Sunday, July 14, 2019

Weeds, Bees, and the Local Buzz

It doesn’t matter who hurt you, or broke you down. What matters is who made you smile again - Anonymous

The other day I went out to hack away some of the overgrown weeds around my father’s house. He’s not able to tend to them anymore, so I do what I can to control the tangle of greenery. They look like they’re victims of some botanical form of highway robbery, reaching for the sky as if they’re going to be shot.

I know I can be a vegicidal maniac, but I don’t shoot the shoots. Rather, I chase after them a bit like Freddy Kruger or Michael Myers of horror movie fame, slashing at them with garden shears, rusty hoes, or chattering hedge trimmers. If that doesn’t make your sap run cold, you ain’t got no sap! Speaking of saps …

Summers in the Pacific Northwest are absolutely amazing. Things grow so fast out here. A yard can be wonderfully landscaped, each plant shaped and sized to fit its tract ever so perfectly, but within a year, it becomes a jungle. Invading Triffids would stand no chance against the local flora. Even as careful as I am, as well-equipped and well dressed as I am for my assault on the overgrown brambles of life, they do not go quietly into the bin for garden clippings. They have their own plan of attack, snagging anything and everything they can find.

It’s no wonder I’m not overly fond of yard work. I am sure I leave a pint of blood for every ounce of sap they leave behind. I like to think of myself as a man of peace, but the shrubs have made a bushwacker of me, instead. I should “leaf” them alone.

That’s easier said than done, of course.
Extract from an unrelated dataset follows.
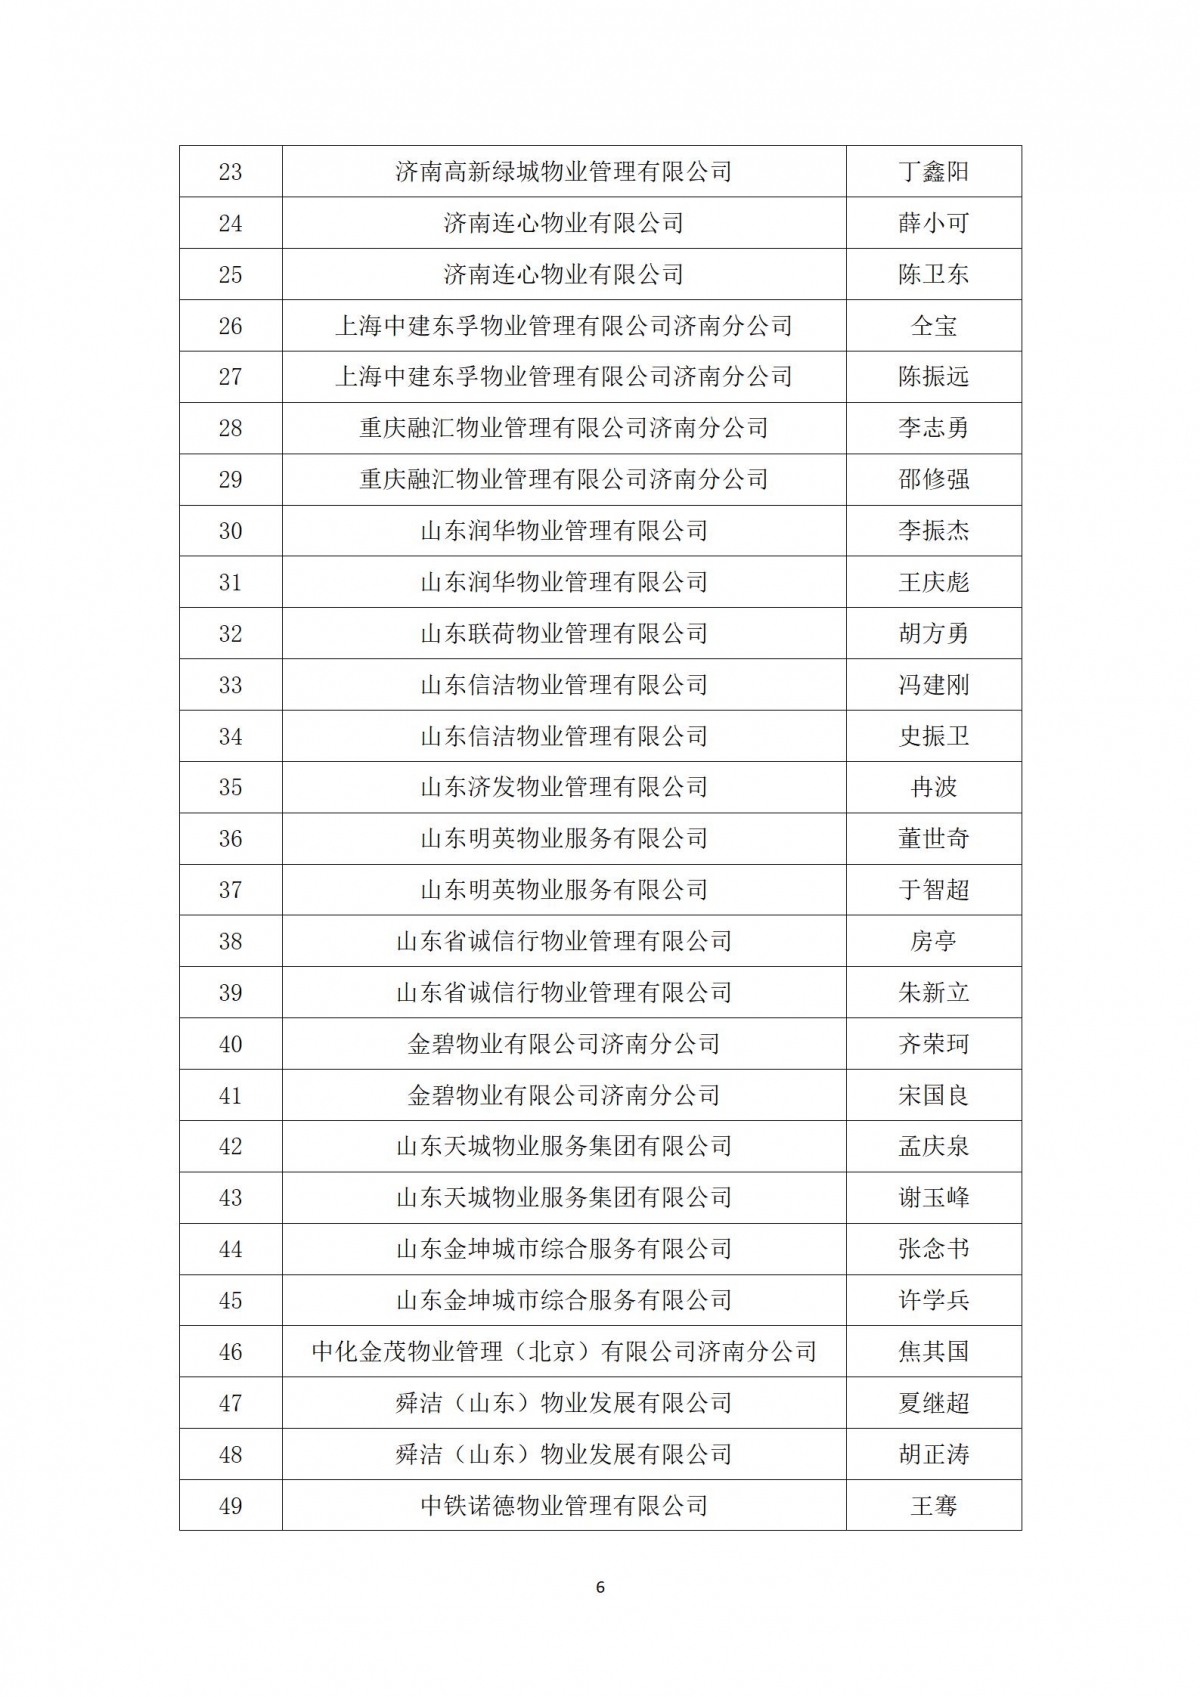 关于“天城杯”第七届济南市物业服务行业职业技能竞赛选手名单的公示_06
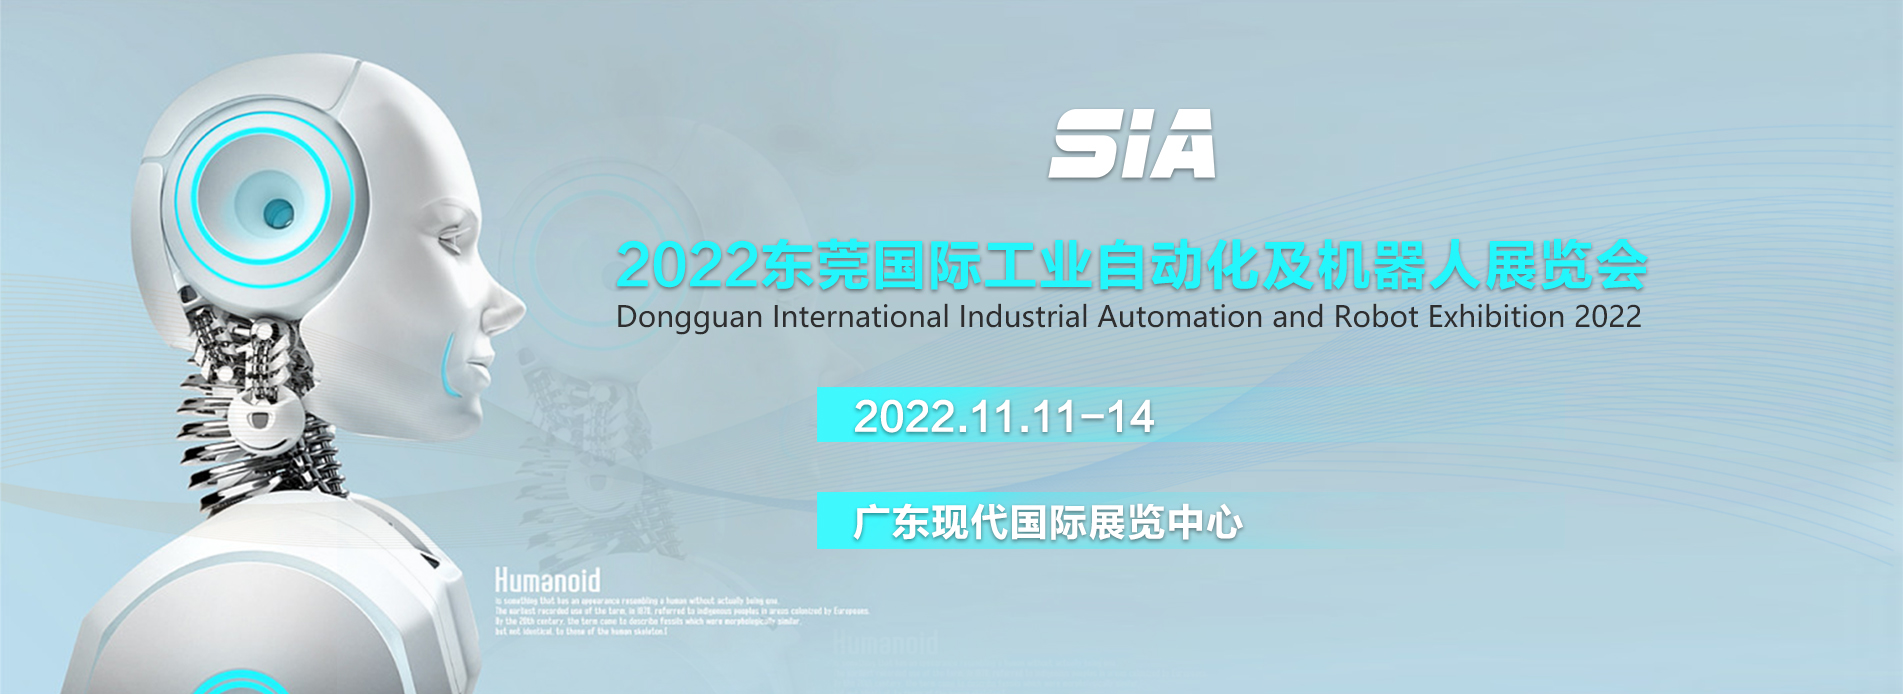 2020东莞国际工业自动化及机器人展览会

I was out spraying dandelions the other day (a real pain in the grass, if you ask me) and a neighbor noted in passing, “You know, if dandelions were hard to grow, we’d treasure them the same as we do our roses or orchids. They’re actually kind of pretty.”

When you think about it, it’s true. When I peek at a dandelion, I see a weed, but it’s not all that unpleasant to look at. A weed, as we are told, is just a flower that grows where you don’t want it. Every spring I head out and admire the fields of daffodils and tulips in the Skagit Valley, and yet whenever I see a lawn that’s more dandelion than grass, I’m offended. Why is that?

Who made me a judge over the world’s botanical delights – to decide what is worthy and what isn’t? At the end of the plant planting day, did God say, “It is good” or “Ew, ick, dandelions!”?

God found everything in creation to be delightful. Do honeybees avoid dandelions? Of course not!

I have only been stung three times in my life by honeybees and, ironically, all three occurred on the same day, and each bee was on a dandelion I had carelessly trampled while barefooted. I was about twelve years of age at the time, and I learned two things. One, watch where I step, and two, wear shoes … period.

Bees don’t seem to care whether the flower they milk for nectar is a weed or something else. What they care about is that it has what they need for the health and well-being of the hive. A flower is their gold; they need not dig for it, nor do they need to melt it down or refine it. They do not destroy the flower, kill it, or crush it. They simply flit from plant to plant, benefiting the entire field by transferring pollen from one plant to the next.

I’ve gotten to that stage in life where I’m less interested in pulling weeds, and more interested in sitting in the back yard, sipping a spot of tea (with a touch of honey) and appreciating how plants are contributing more to the health of our planet than I am with my hacking and wheezing.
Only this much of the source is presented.